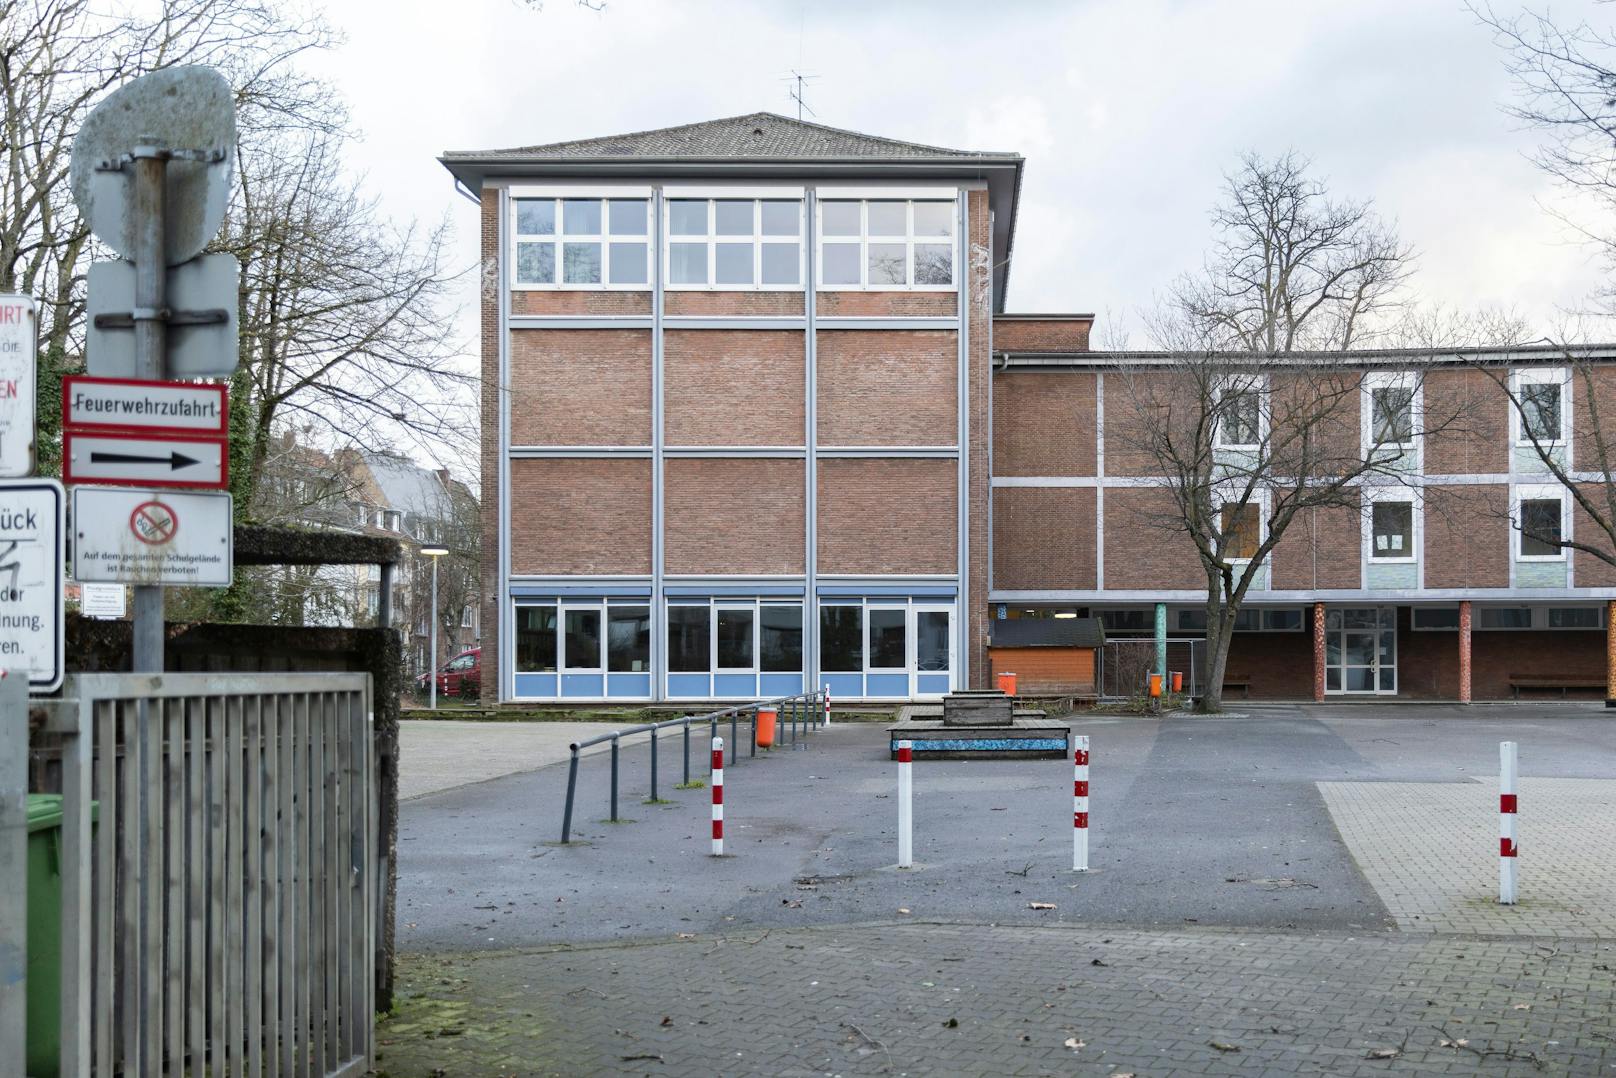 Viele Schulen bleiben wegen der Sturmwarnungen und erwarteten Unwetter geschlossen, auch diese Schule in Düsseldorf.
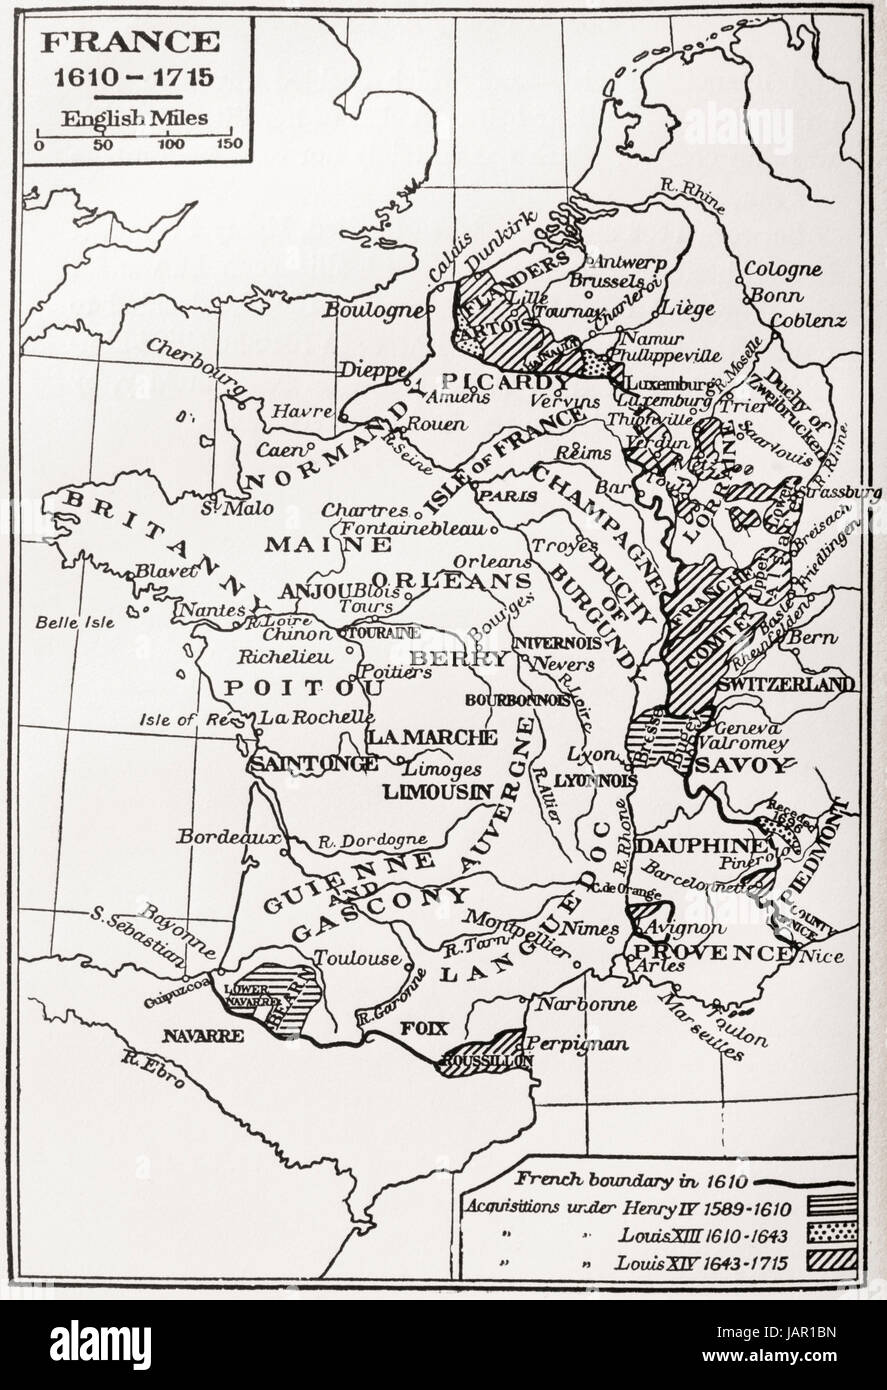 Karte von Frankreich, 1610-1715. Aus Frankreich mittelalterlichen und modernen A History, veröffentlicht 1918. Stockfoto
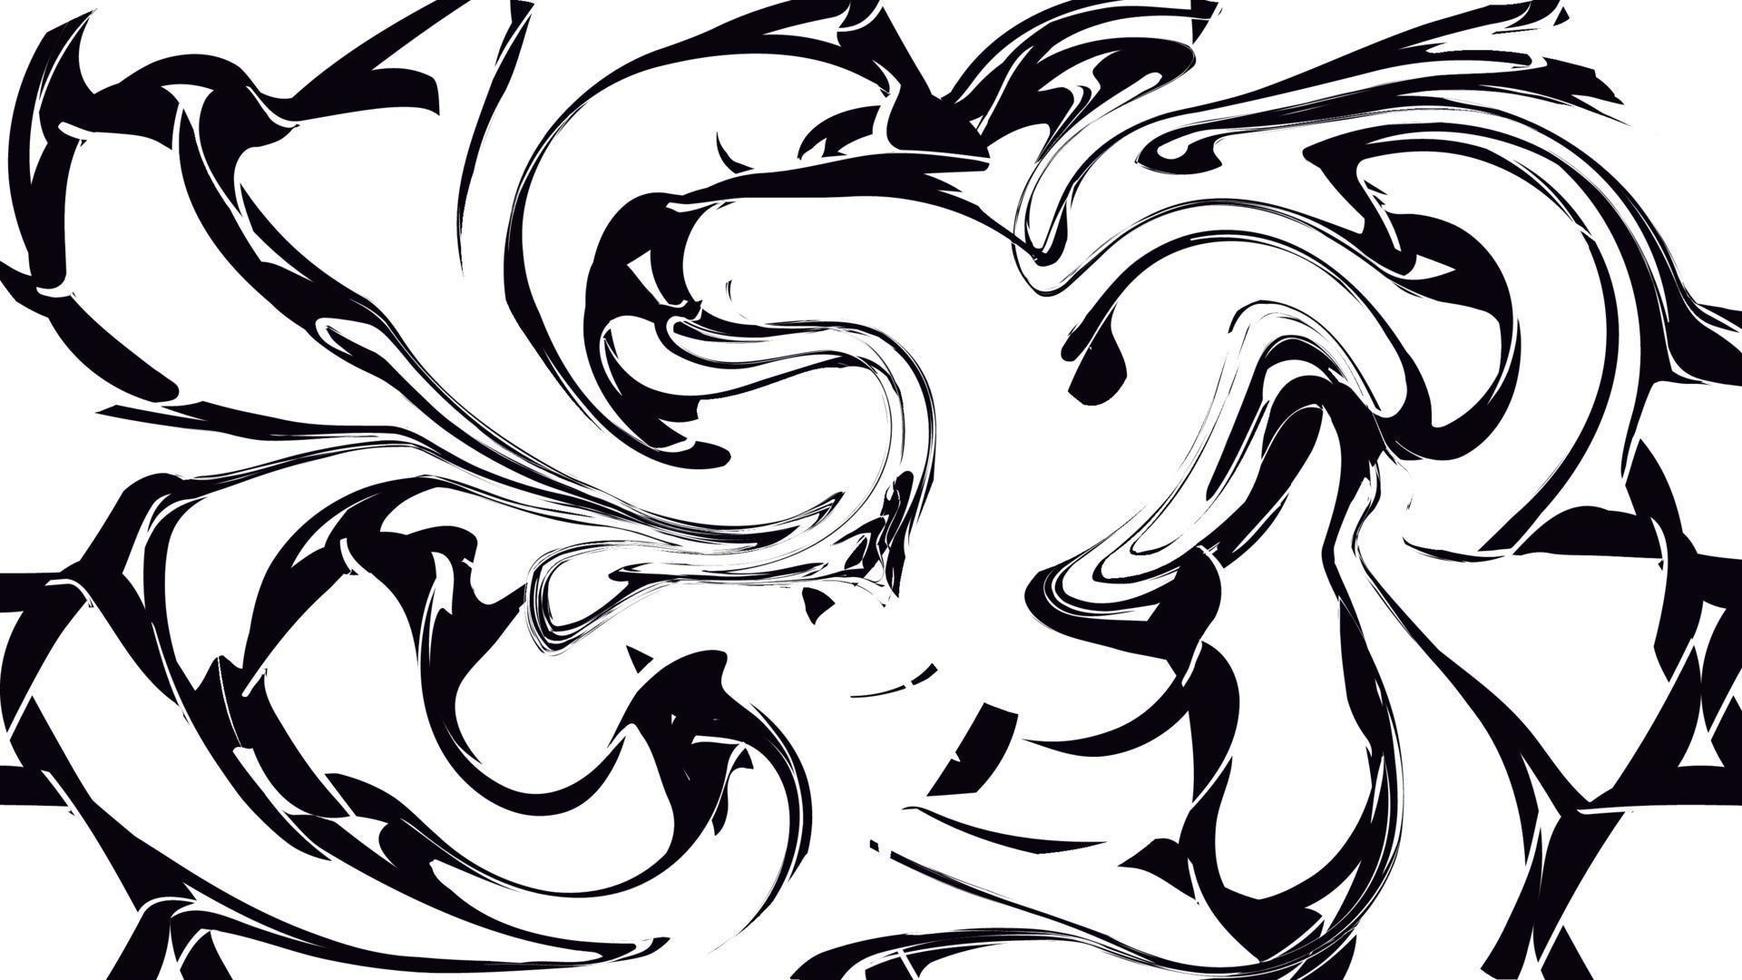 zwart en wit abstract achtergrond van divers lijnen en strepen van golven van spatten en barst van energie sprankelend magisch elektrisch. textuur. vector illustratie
○ ○ ○
◆ **WHAT YOU NEED TO DO**
Retype nothing except the lines from the first line of the listing above through the line with "Karte von Frankreich, 1610-1715.", exactly as they stand, and no pictures.

◆ **OUTPUT FOR THIS EXERCISE**
 Viele Schulen bleiben wegen der Sturmwarnungen und erwarteten Unwetter geschlossen, auch diese Schule in Düsseldorf.
 Karte von Frankreich, 1610-1715. Aus Frankreich mittelalterlichen und modernen A History, veröffentlicht 1918. Stockfoto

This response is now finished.